Shim Hackjoon, Chang Samuel, Tao Cheng, Wang Jin-Hong, Kwoh C Kent, Bae Kyongtae T
Department of Radiology, University of Pittsburgh School of Medicine, Pittsburgh, PA 15213, USA.
Radiology. 2009 May;251(2):548-56. doi: 10.1148/radiol.2512081332.
This HIPAA-compliant study was exempt from institutional review board approval because the 10 image data sets were deidentified in the Osteoarthritis Initiative database, and they were processed and analyzed without any clinical information being accessed. The purpose of this study was to prospectively evaluate the efficiency and reproducibility of the semiautomated graph-cut method (SA method) in the segmentation of knee cartilage and to compare its performance with that of the conventional manual delineation segmentation method (M method). Two radiologists independently performed segmentation with each method in two separate sessions: They performed the M method (M1 and M2 for the first and second sessions, respectively) for every third section and the SA method (SA1 and SA2 for the first and second sessions, respectively) for every section. The SA method was significantly more efficient (mean processing time, 53 minutes vs 156 minutes for SA1 vs M1 and 53 minutes vs 118 minutes for SA2 vs M2; P < .001) and reproducible (mean volume overlap, 94.3% vs 87.8% for the SA method vs the M method; P < .001) than the M method.

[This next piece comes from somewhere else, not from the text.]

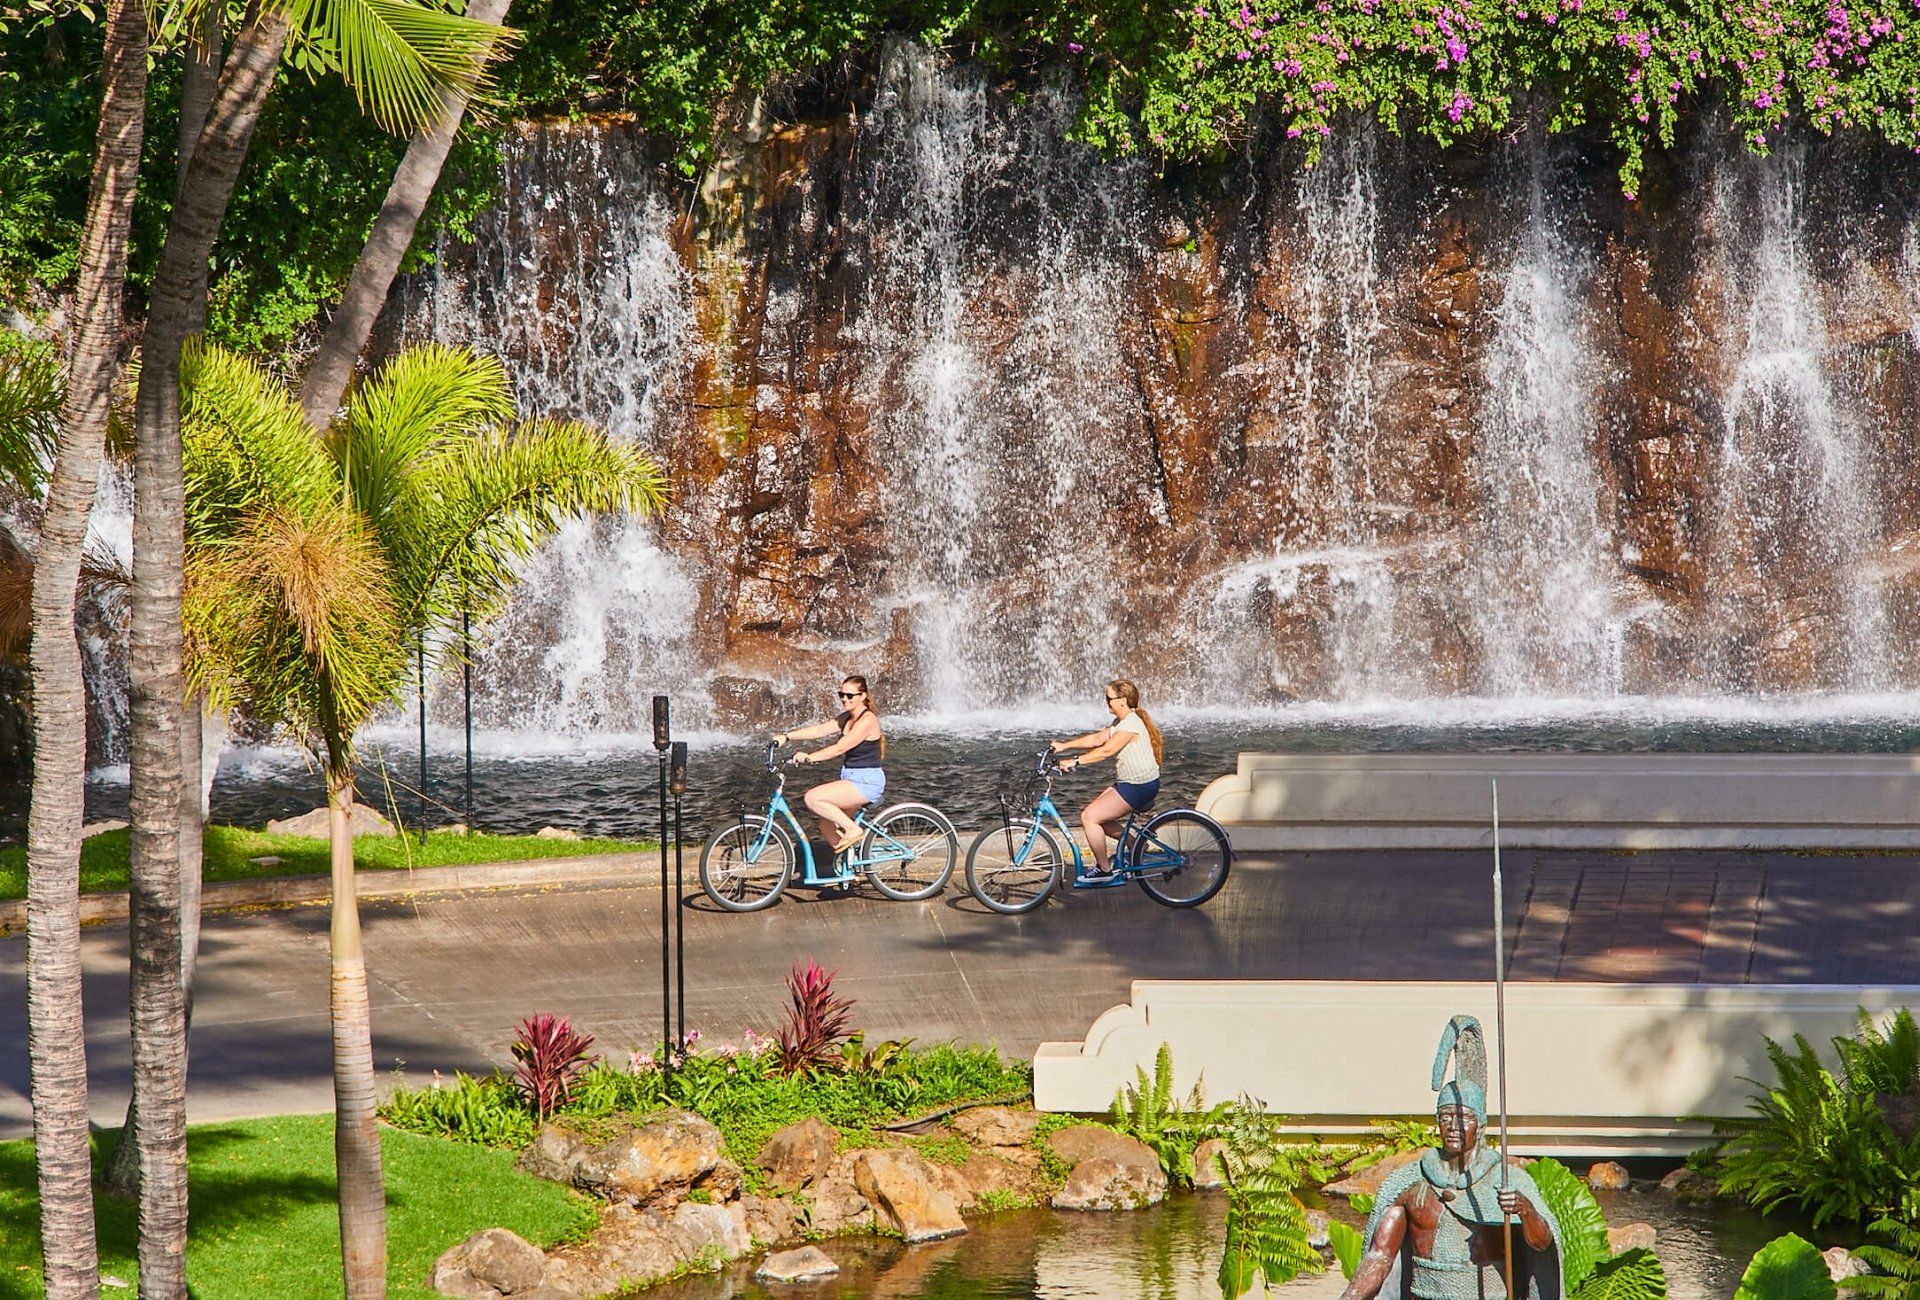 two people ride beach cruiser bikes along a path beside a wall of water

这项符合《健康保险流通与责任法案》(HIPAA)的研究无需经过机构审查委员会的批准,因为这10个图像数据集在骨关节炎倡议数据库中已去除身份标识,并且在处理和分析过程中未获取任何临床信息。本研究的目的是前瞻性评估半自动图割法(SA法)在膝关节软骨分割中的效率和可重复性,并将其性能与传统的手动描绘分割法(M法)进行比较。两名放射科医生在两个不同的时间段分别使用每种方法进行分割:他们对每三个切片执行M法(第一次和第二次会话分别为M1和M2),对每个切片执行SA法(第一次和第二次会话分别为SA1和SA2)。SA法比M法显著更高效(平均处理时间,SA1与M1相比为53分钟对156分钟,SA2与M2相比为53分钟对118分钟;P <.001)且更具可重复性(平均体积重叠率,SA法与M法相比为94.3%对87.8%;P <.001)。